Late last year we reported that the Dutch Minister of Health, Edith Schippers was considering a move to create mobile euthanasia services in the Netherlands. Home delivery – Dutch style!
In early February, media reports confirmed that the Netherlands Right-to-Die Association (NVVE) plan to open the first of six ‘clinics’ to expedite an expected additional thousand deaths per year. Operating under the Orwellian title Levenseinde kliniek (Life Clinic), this ‘door-to-door’ service will be offered for those who ‘can’t convince their regular doctor to kill them’ or for those who ‘have been refused help from doctors for “ethical” reasons.’
The clinics will be funded from NVVE membership and donations which are tax deductable. Their website suggests that the mobile teams will take a ‘multidisciplinary approach’ and interview the patient with ‘multiple conversations’ over some time. The NVVE stresses that it will abide by the ‘Dutch Guidelines’, the World Federation of Right to Die Societies spokesman adding: “doctors will have to comply with the same ‘due care criteria’ as ‘regular’ doctors.”
Yet, the Federation of Dutch Physicians sounded a warning saying that, “In the worst cases, people could die who perhaps could have received some other help.”
Even if we were to concede the possibility that this new move is motivated by an erroneous sense of compassion or, perhaps, the false notion that a right-to-die does exists (which even the European Court of Human Rights denies), there still remain many questions.
Is it likely that anyone will be refused access to the services of this clinic given the fact that it’s sole raison d’être is to kill?
How can the ‘process’ possibly guard against coercion when the appointments take place in the home setting and the only possible contrary view, being that of the family doctor, is dismissed by the very modus operandi of this death peddling outfit?
Might it also be the case that the local doctors refusal to kill on ‘ethical grounds’ may have more to do with factors such as depression, anxiety or other treatable problems than an ideological or religious taboo?
How likely is it that, given its private funding by right-to-die supporters, that success in terms of a business model will be measured primarily by the number of deaths?

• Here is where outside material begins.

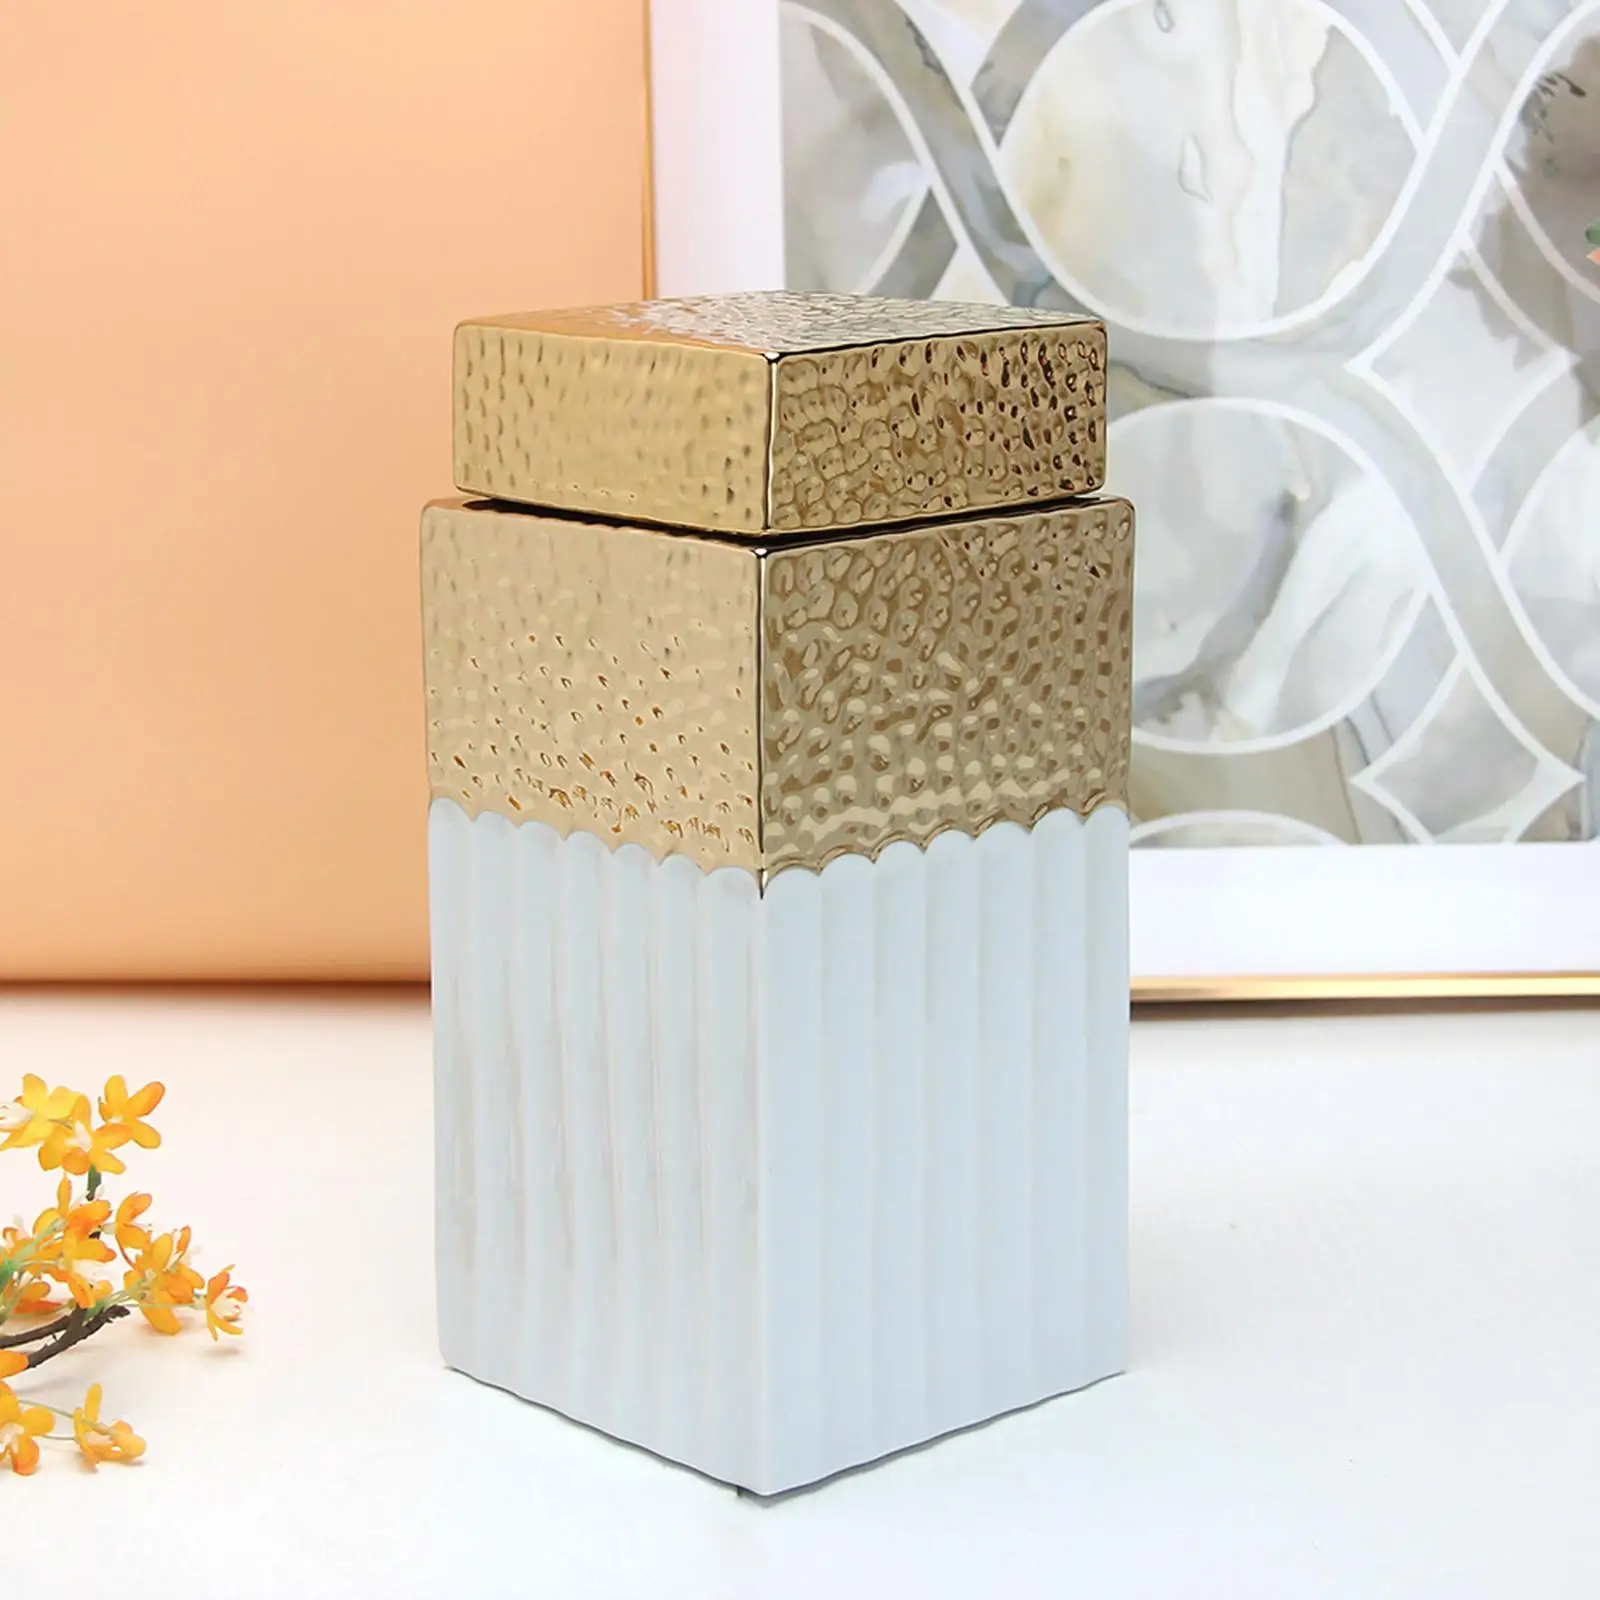 Modern Flower Vase with Airtight Lid Coffee Sugar Tea Storage Collection Ceramic Canister for Wedding Home Table Decor

Dutch statistics point clearly to an almost routine flaunting of the euthanasia ‘guidelines’. It would be naive in the extreme to think that a privately funded outfit would report its own medicos for abuse of the law.
What we are seeing here is a rapid deterioration of medical ethics. Only a nation immersed in a death culture could fail to see this development as anti-human, as detestable and undignified. It is a sinister form of discrimination based on age and disability; a callous utilitarian view of human existence - privatised and tax deductable! And just in case you’re tempted to think this is a free service to a grateful nation, the website does muse over the possibility of charging customers – in advance one assumes!